While overall inflation has fallen significantly since last year, families with young children still face sharp increases in one of their biggest expenses—child care. The national average price of daycare and preschool services rose 6% in July from a year before, the Labor Department reported recently. That was nearly double the overall inflation rate of 3.2%, which was down from its recent peak of 9.1% in June last year.
Parents could see their child-care bills climb higher this fall as providers boost tuition to cover rising costs and federal pandemic aid ceases. “We don’t have many other options, so we just have to take the hit," Danielle Ganje, a mother of three living in Blaine, Minn., said of recent price hikes.
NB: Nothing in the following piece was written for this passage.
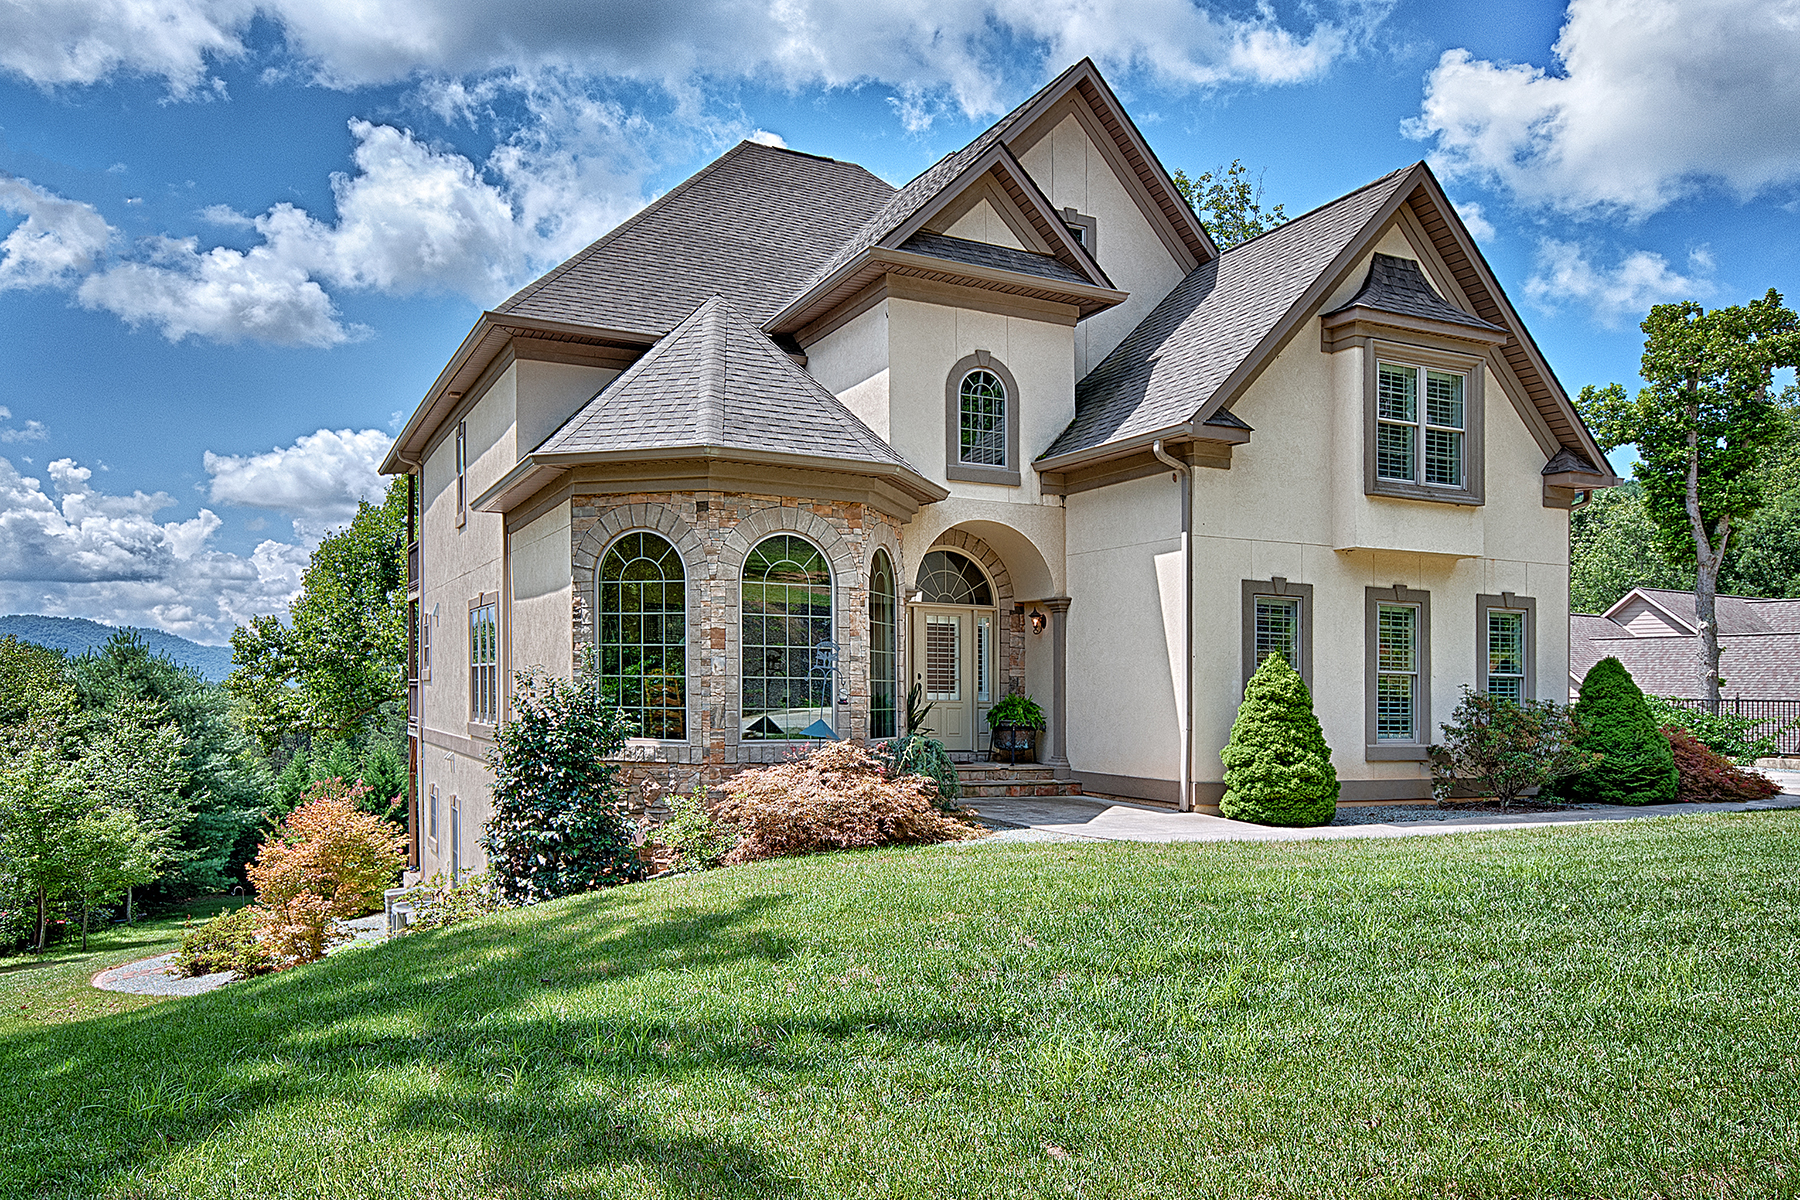 Single Family Home for Sale at TRILLIUM GLEN 132 Glen Trillium Dr Fletcher, North Carolina, 28732 United StatesIn/Around: Asheville

Ganje, a communications director for a nonprofit organization, said she is paying about $2,500 a month for child care this summer.
That is at least 10% more than last summer and more than her monthly mortgage payment, the 36-year-old said. Her total child-care bill will decline in a few weeks when her 8-year-old and 6-year-old return to public school. But they will still require before- and after-school care, and those prices also are going up, she said.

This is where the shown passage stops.